The UK is losing £1.3 billion a year to scams, which works out to nearly eight fraud cases per minute. But here’s where it gets interesting: the criminals running these operations have discovered that hiring an AI to do the heavy lifting is far more efficient than the old-fashioned approach of, say, actually learning to write convincingly.
Imagine a scammer’s dilemma. You need to send personalized phishing emails to thousands of people, each one tailored enough to slip past their skepticism but generic enough that you can automate it. Enter large language models—the same technology that powers your helpful chatbot, now weaponized by someone in a basement somewhere, probably with better grammar than the original con artists.
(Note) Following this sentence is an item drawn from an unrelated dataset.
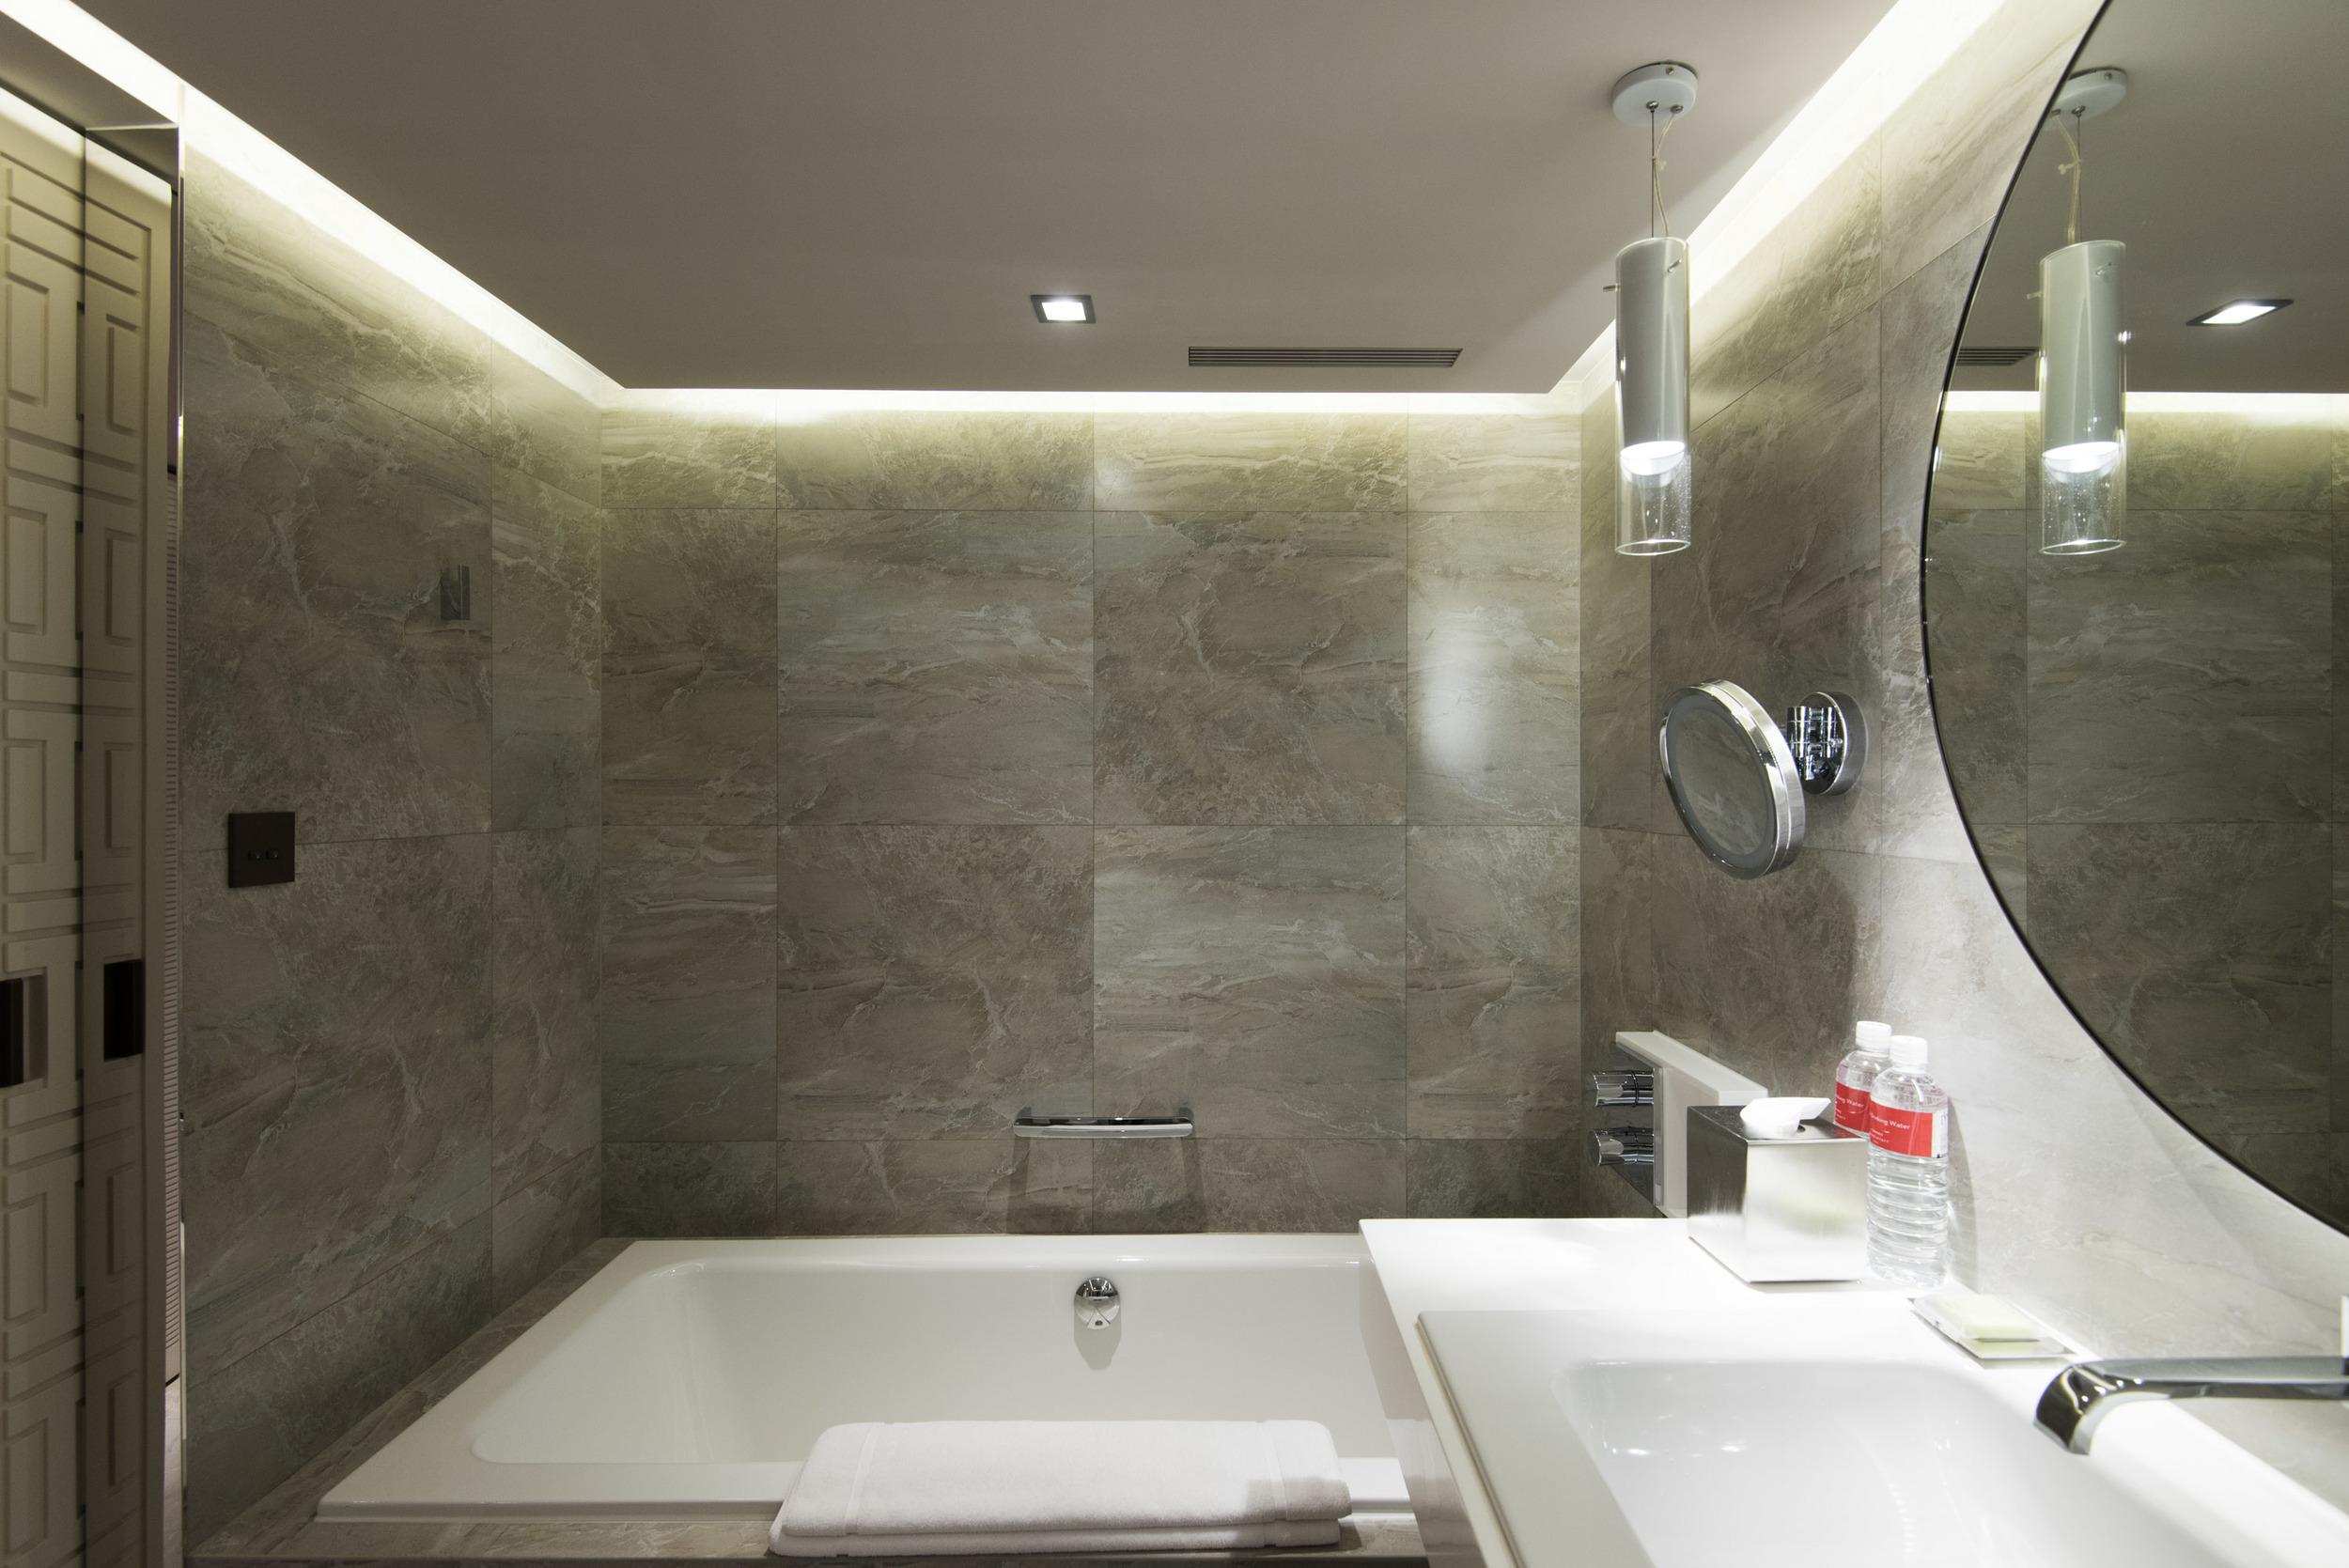 Grand Deluxe Room (Bathtub) - Grand Hyatt Taipei

The really amusing part is that we’ve created a world where AI can now impersonate a financial advisor well enough to convince someone to wire money, while the actual financial advisors are still trying to figure out how to explain cryptocurrency to their parents. One scammer’s AI is out there generating bespoke investment pitches; another is probably applying for a business loan to scale operations, using—you guessed it—an AI-written business plan that the bank’s algorithm approves because it looks statistically legitimate.
So the next time someone tells you AI will replace humans, remember: it already has. Not in the jobs we expected, but in the ones that matter most—making us all poorer, one perfectly worded message at a time. The real scandal isn’t that criminals are using AI. It’s that we built the tools, connected everyone to the internet, and then acted shocked when someone decided to use both at once.